■ **EXERCISE INSTRUCTIONS**:
Skip the pictures. Transcribe the rest of the data below without changing a word.

■ **DATA SHOWN**:
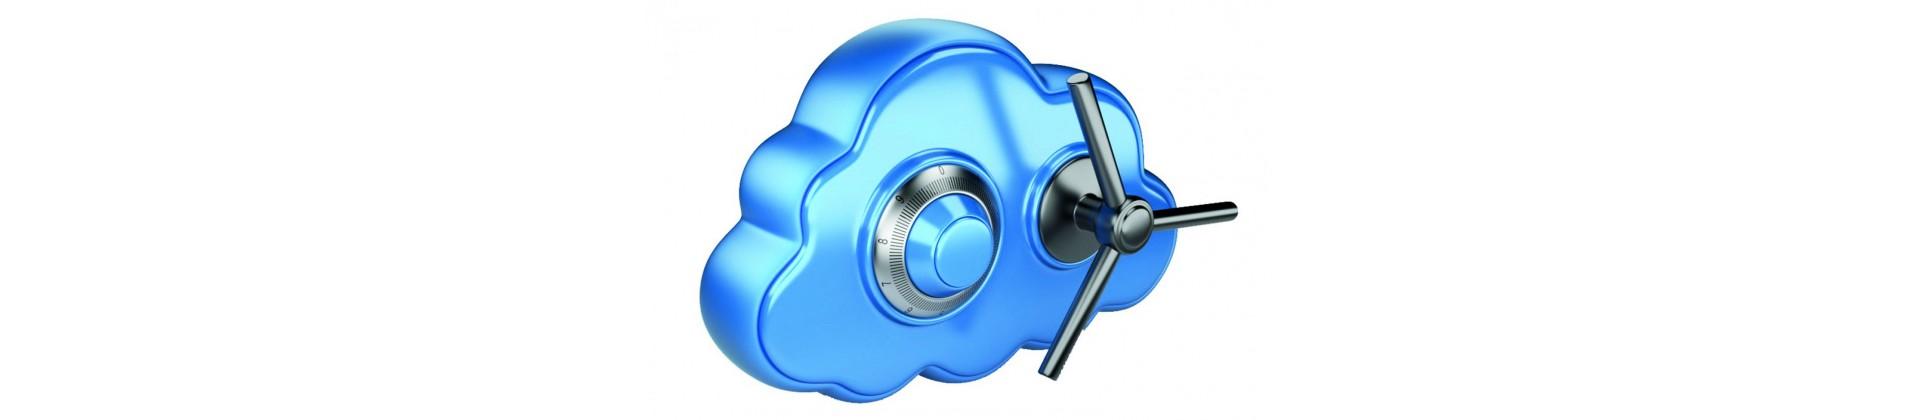 Hosting For Websites SSD
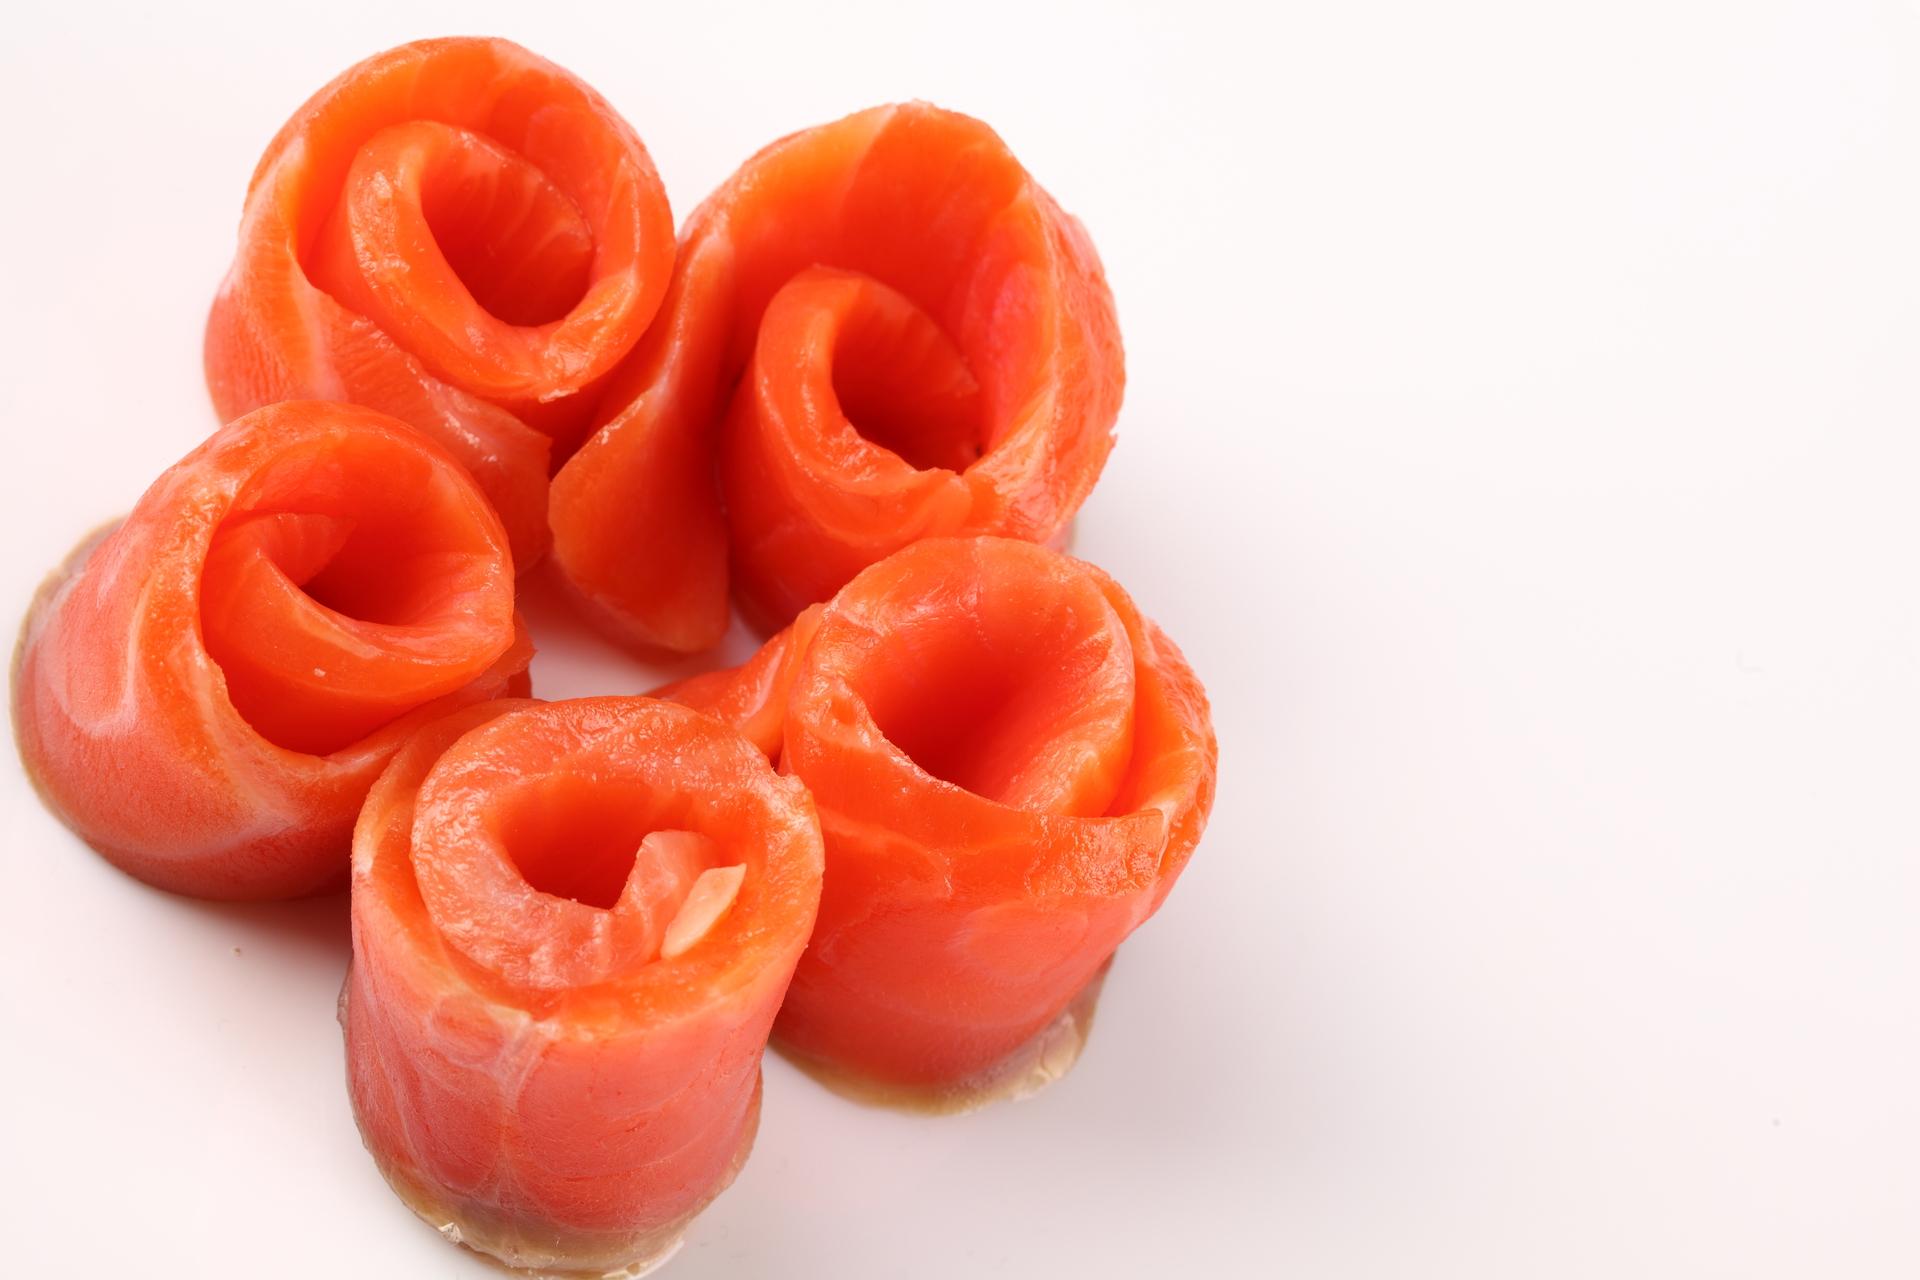 Polémico y lujoso: el salmón rosado no sería un alimento saludable
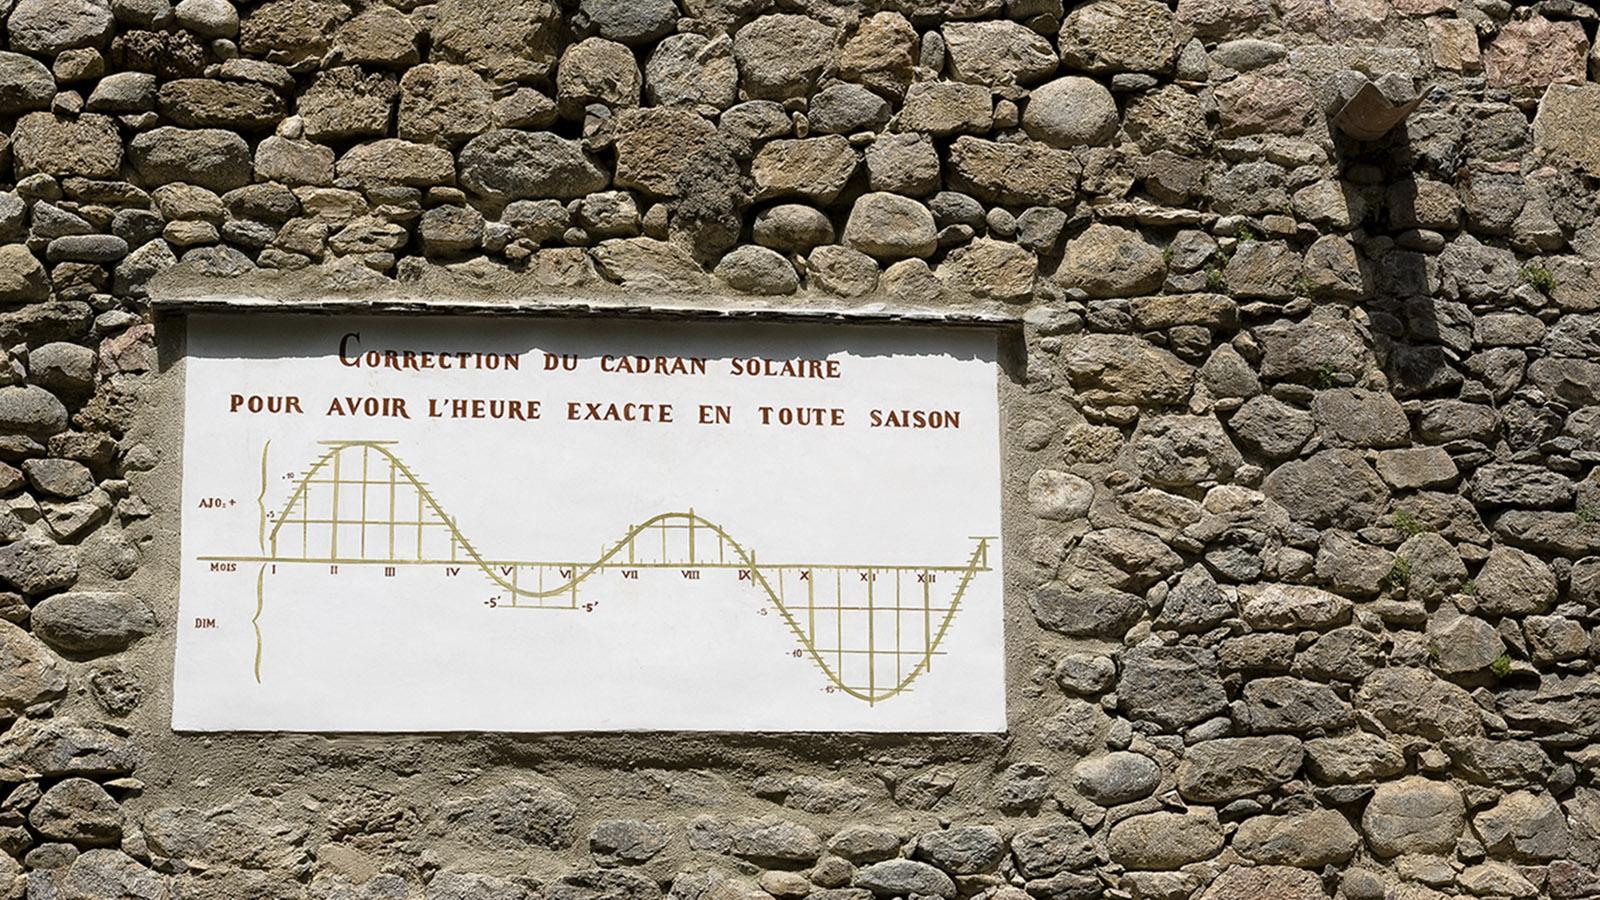 Villefranche-de-Conflent: die Sonnenuhr und ihre Abweichungen im Jahreslauf. Foto: Hilke Maunder
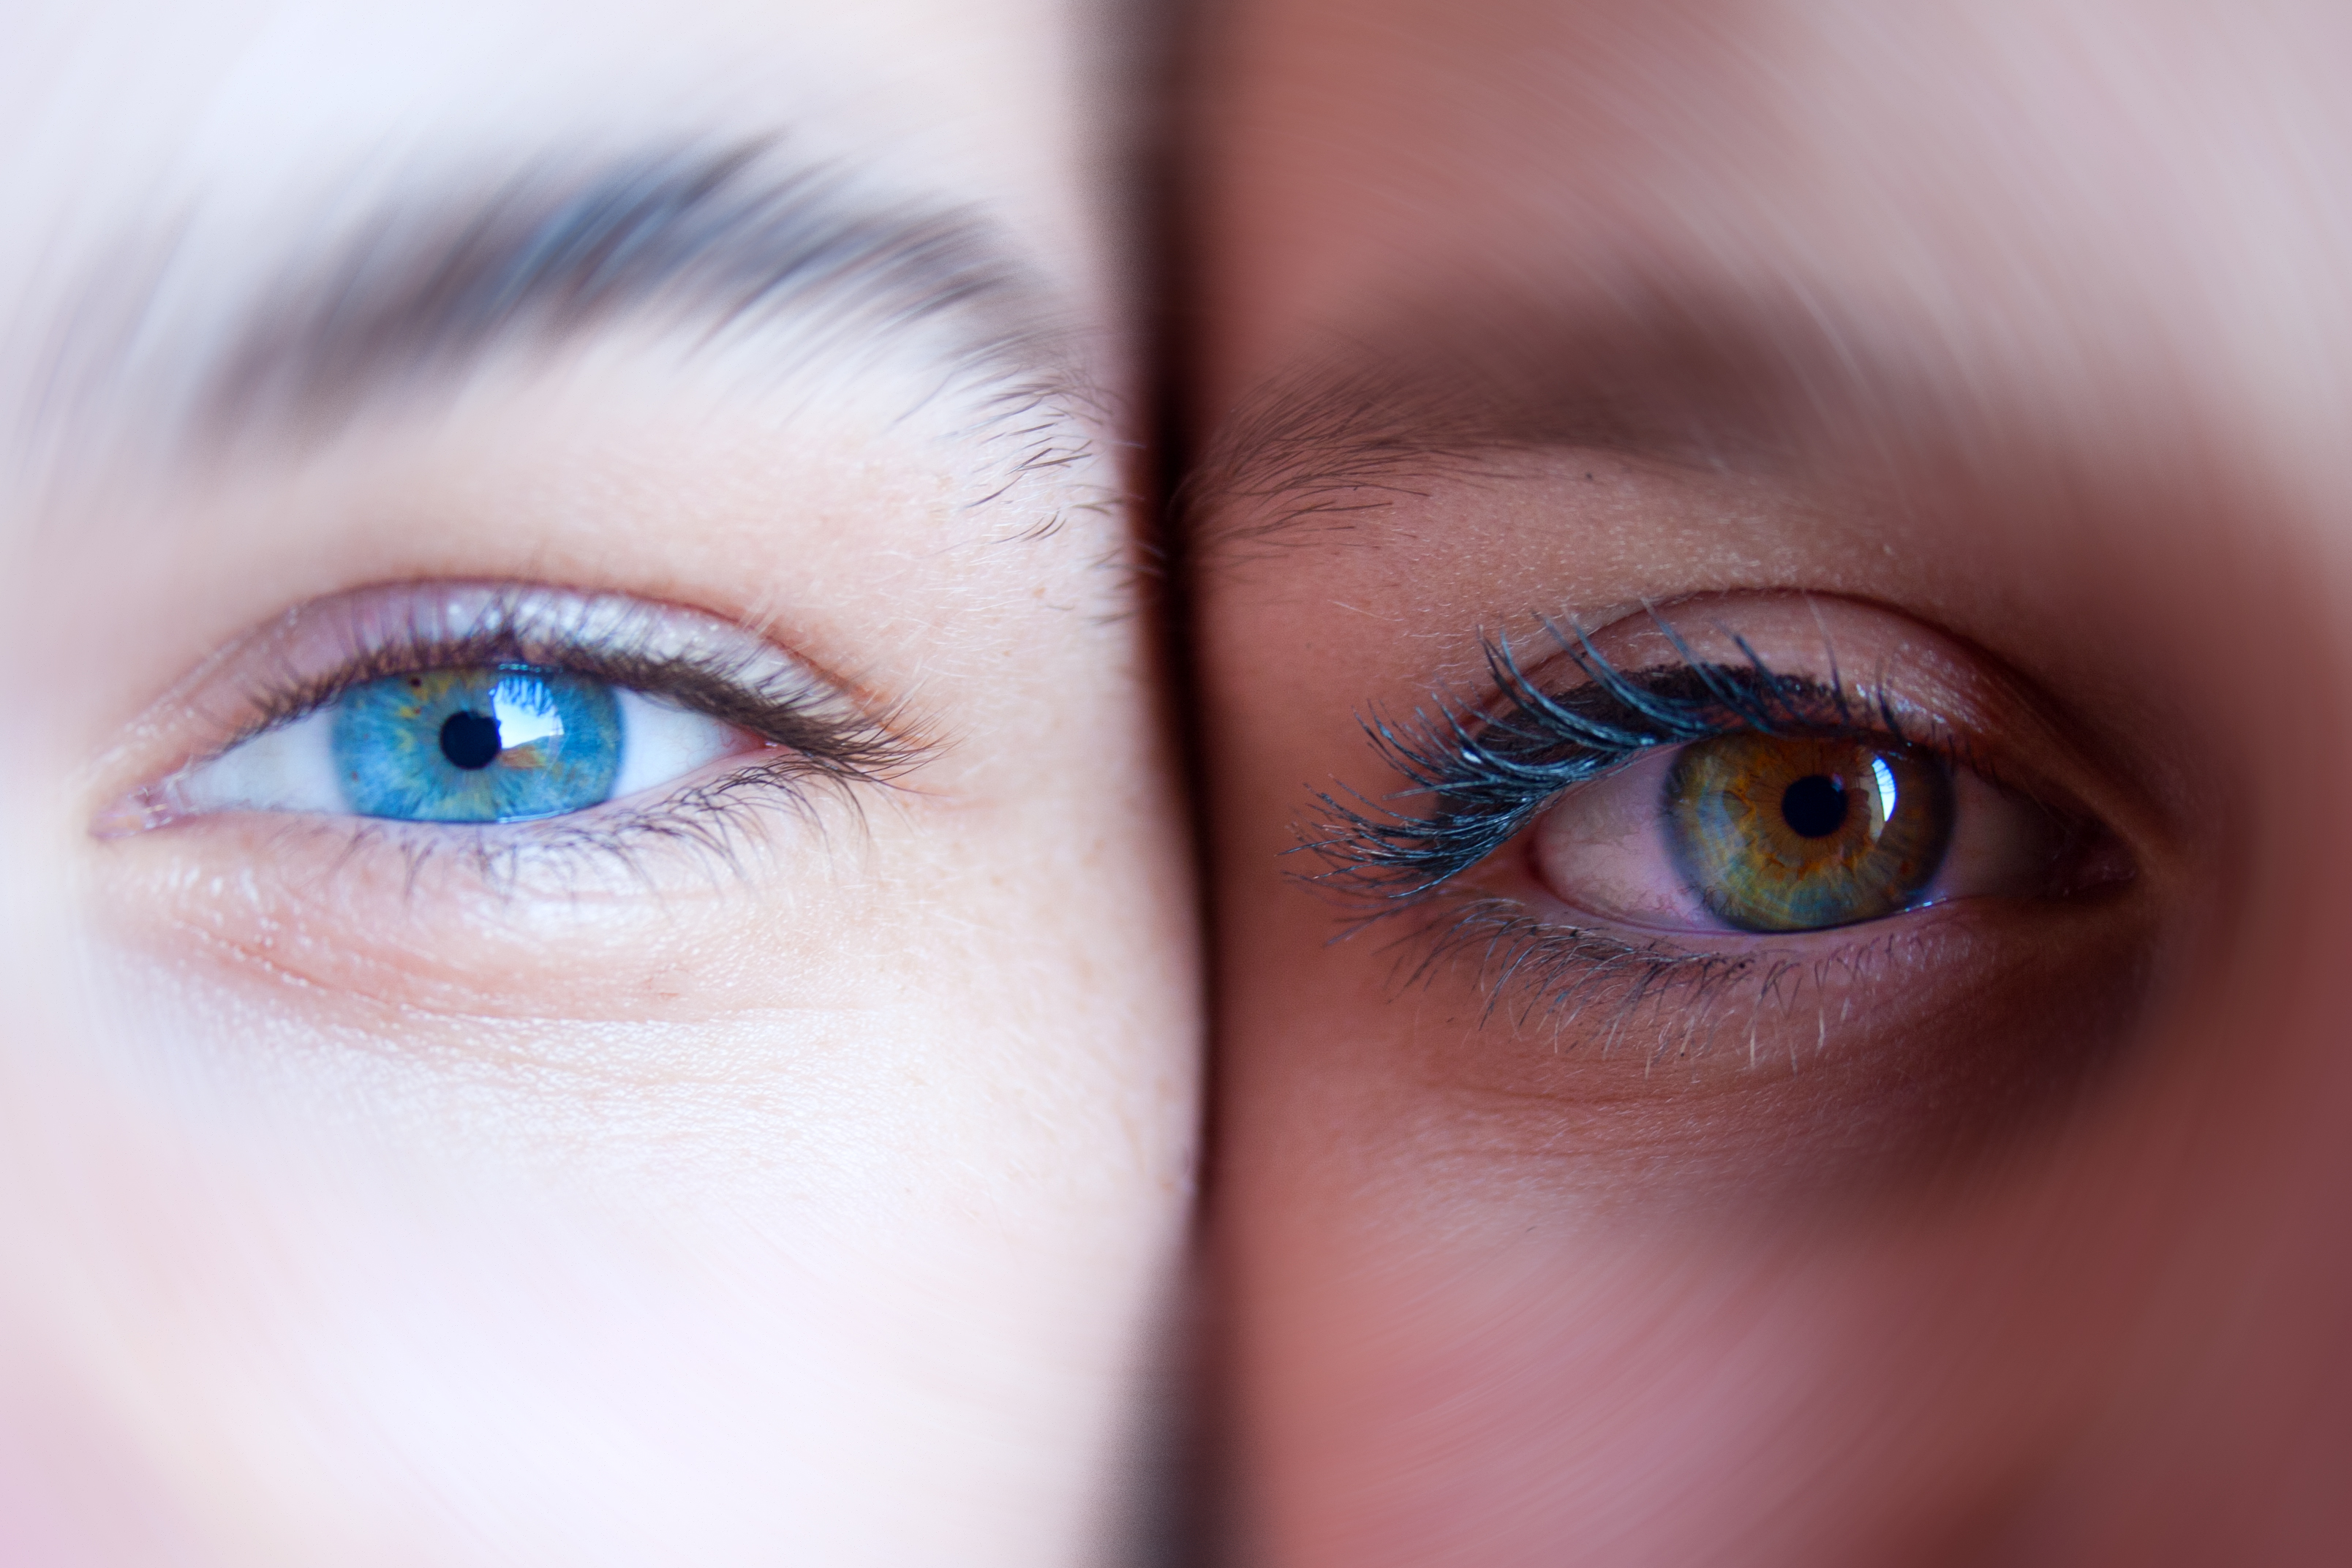 Dos ojos de colores - 3216x2144

■ **RESULT**:
 Hosting For Websites SSD
 Polémico y lujoso: el salmón rosado no sería un alimento saludable
 Villefranche-de-Conflent: die Sonnenuhr und ihre Abweichungen im Jahreslauf. Foto: Hilke Maunder
 Dos ojos de colores - 3216x2144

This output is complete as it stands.